**Directions for this task**
Would you please transcribe the data in full and exactly, excluding images?

**Source material**
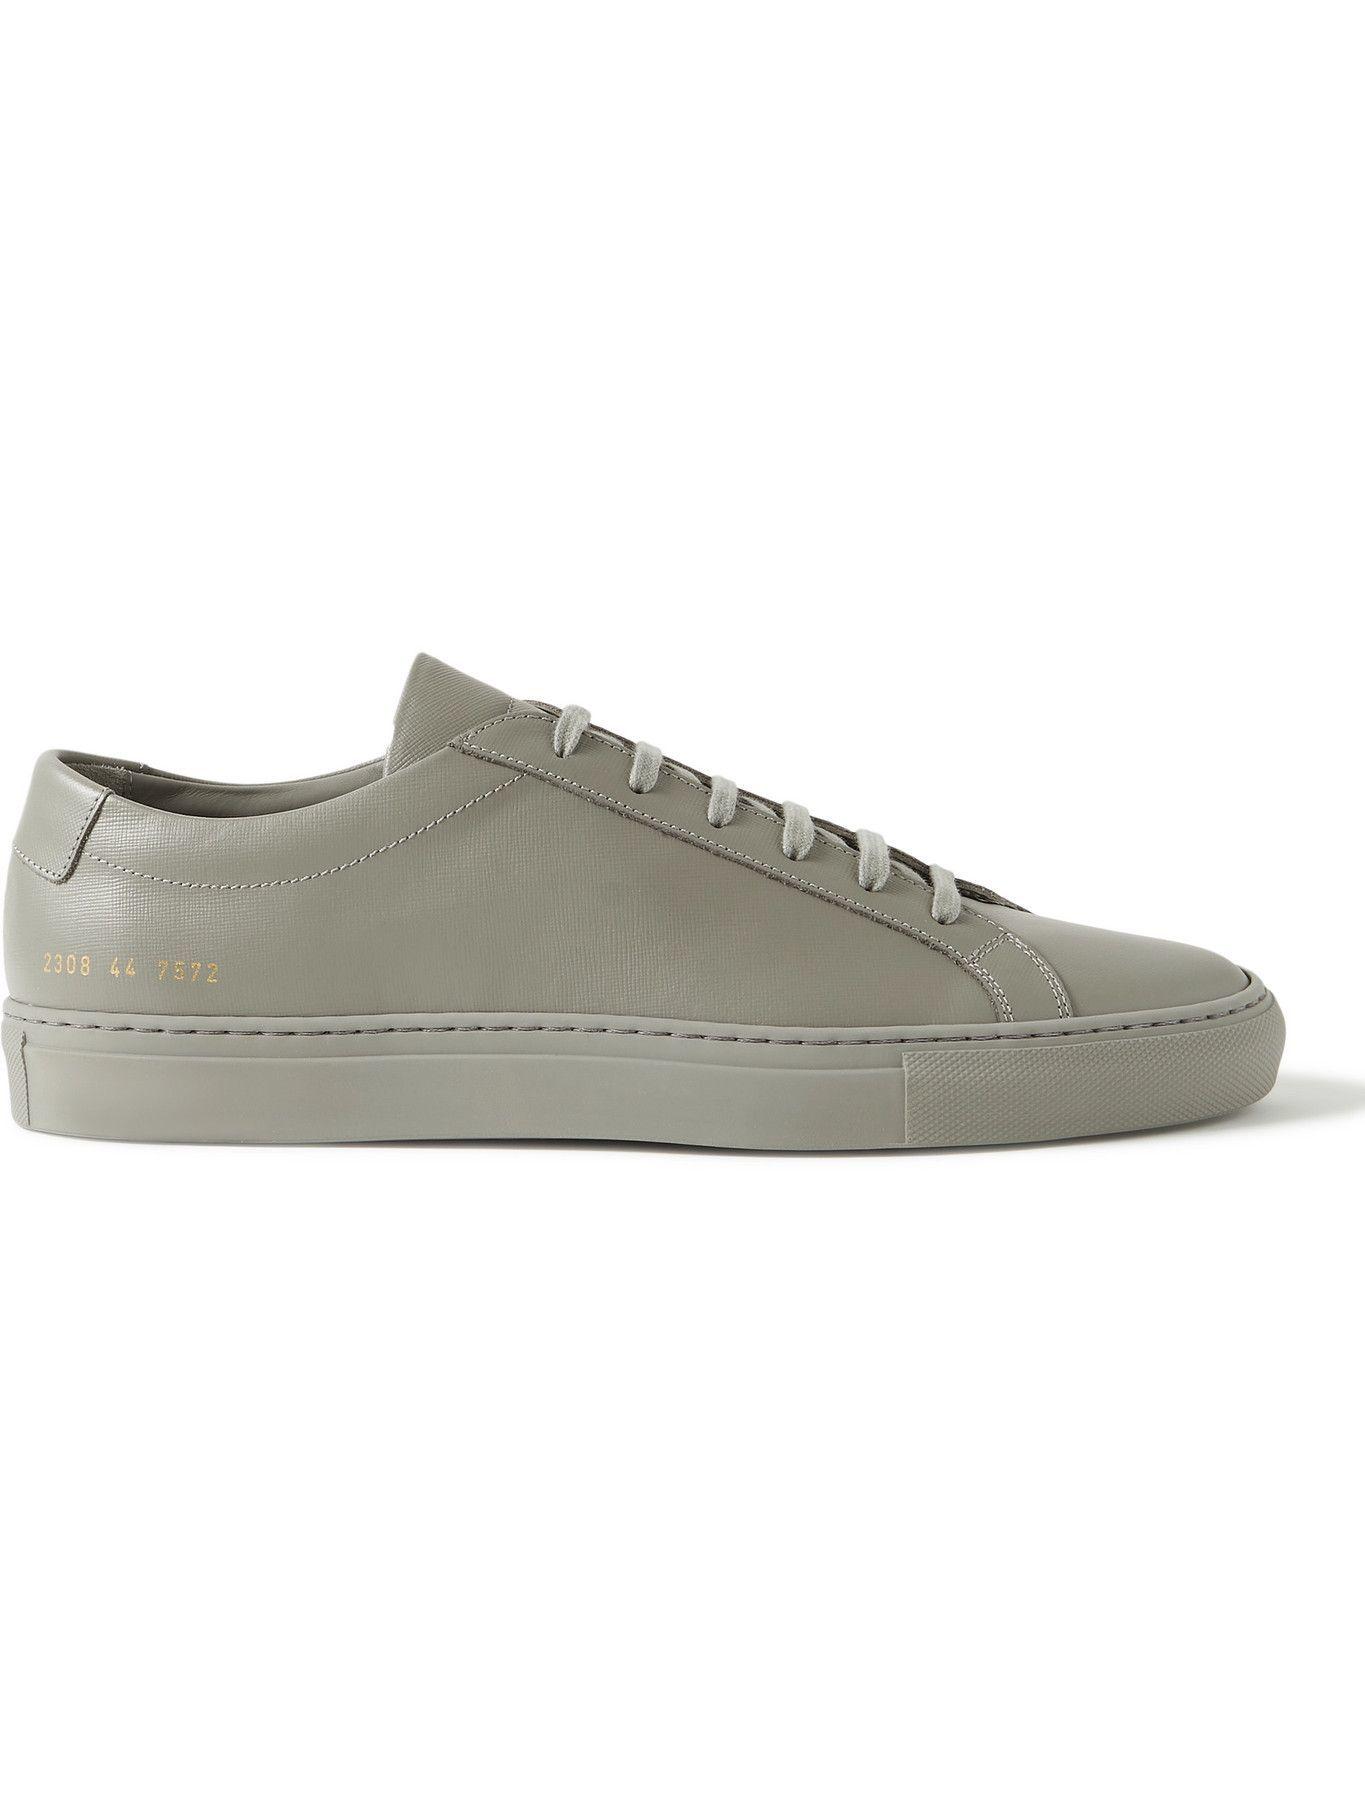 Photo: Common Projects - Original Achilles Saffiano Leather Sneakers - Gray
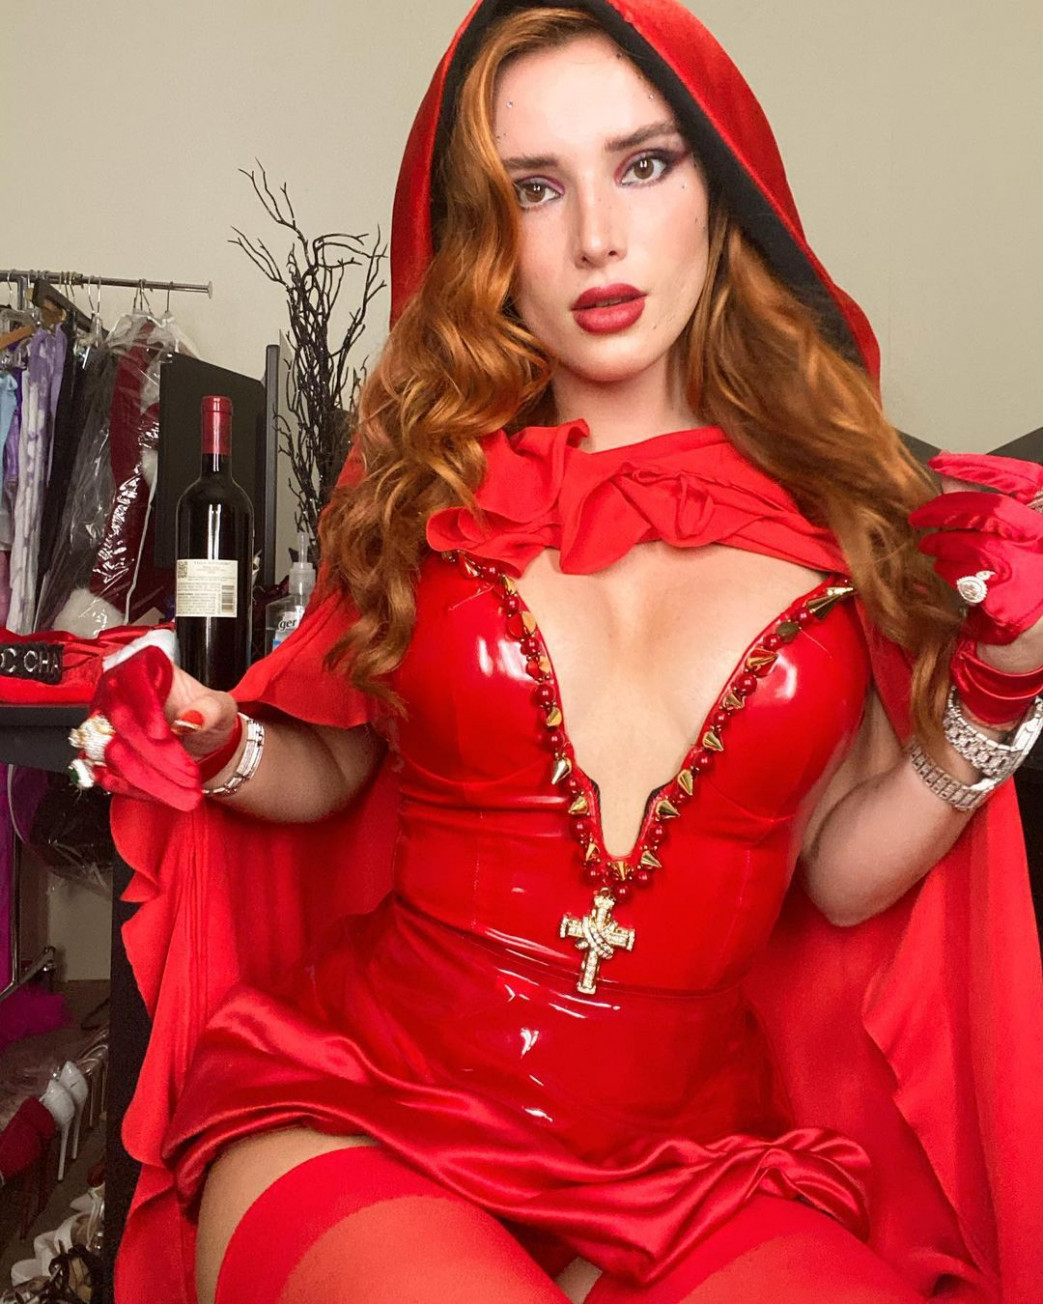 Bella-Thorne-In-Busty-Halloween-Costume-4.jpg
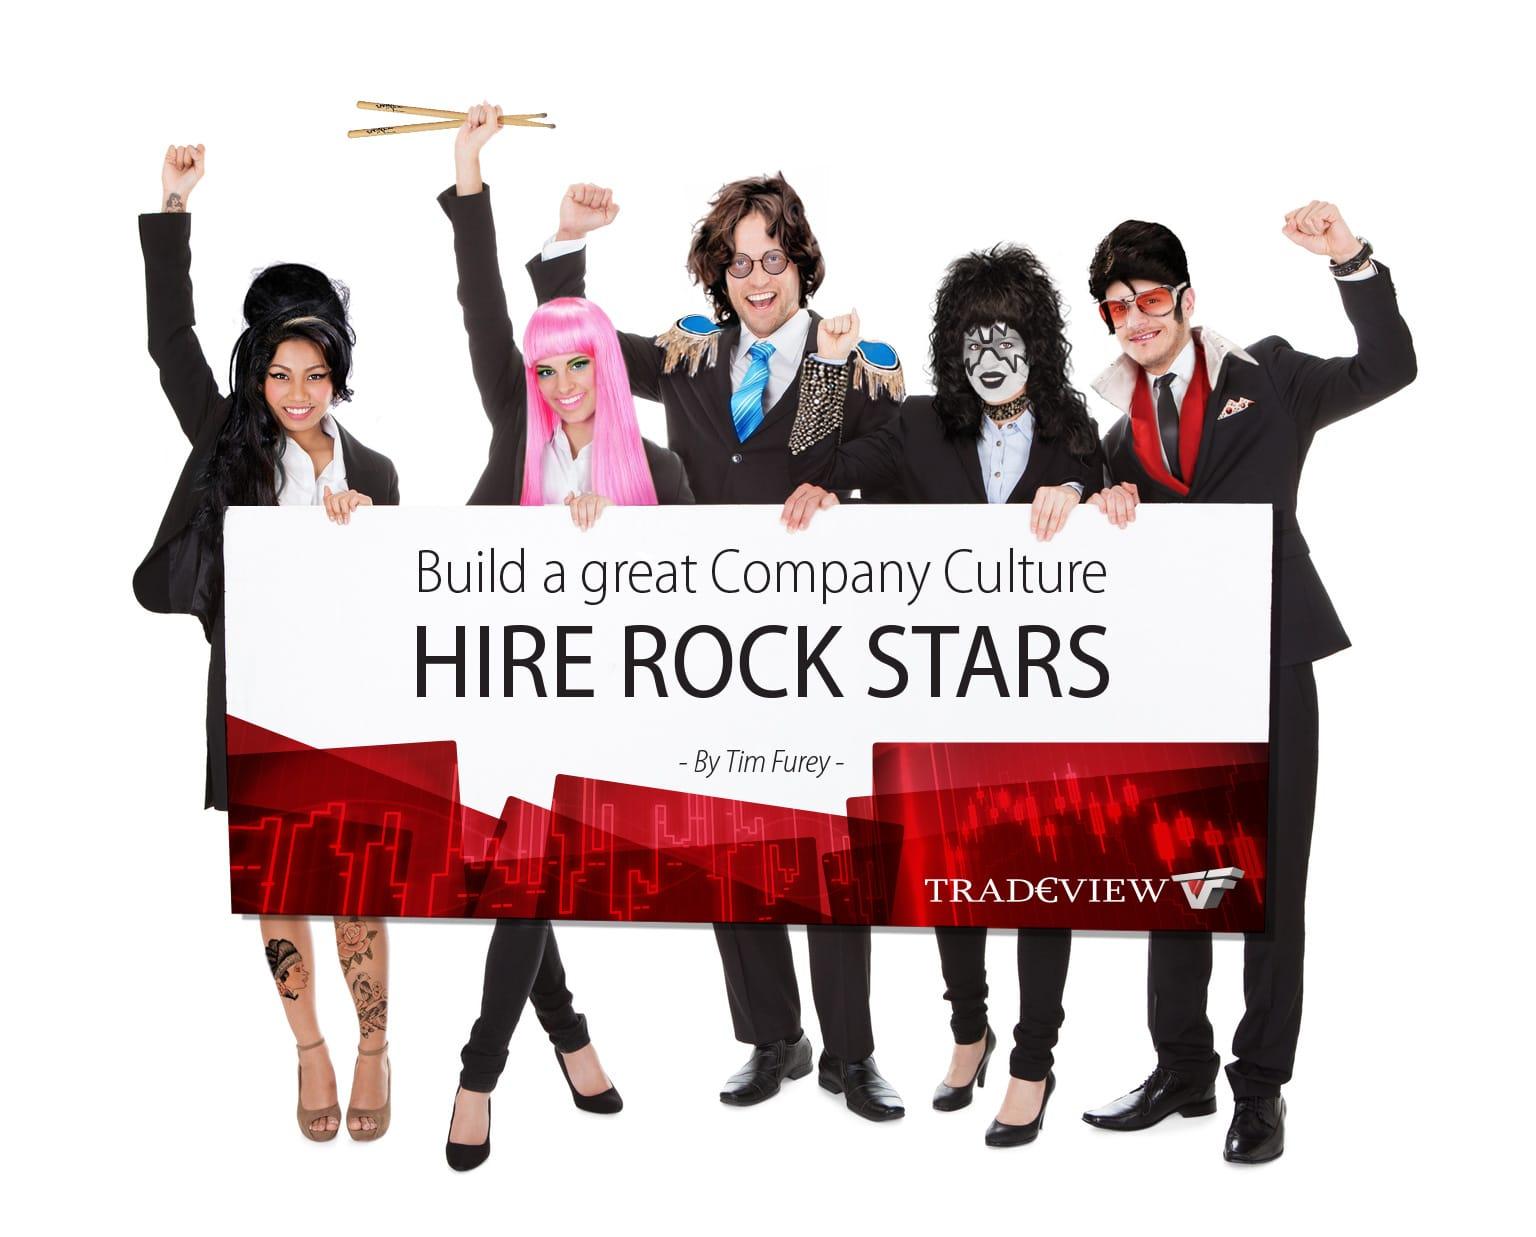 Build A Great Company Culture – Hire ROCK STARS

**Answer box**
 Photo: Common Projects - Original Achilles Saffiano Leather Sneakers - Gray
 Bella-Thorne-In-Busty-Halloween-Costume-4.jpg
 Build A Great Company Culture – Hire ROCK STARS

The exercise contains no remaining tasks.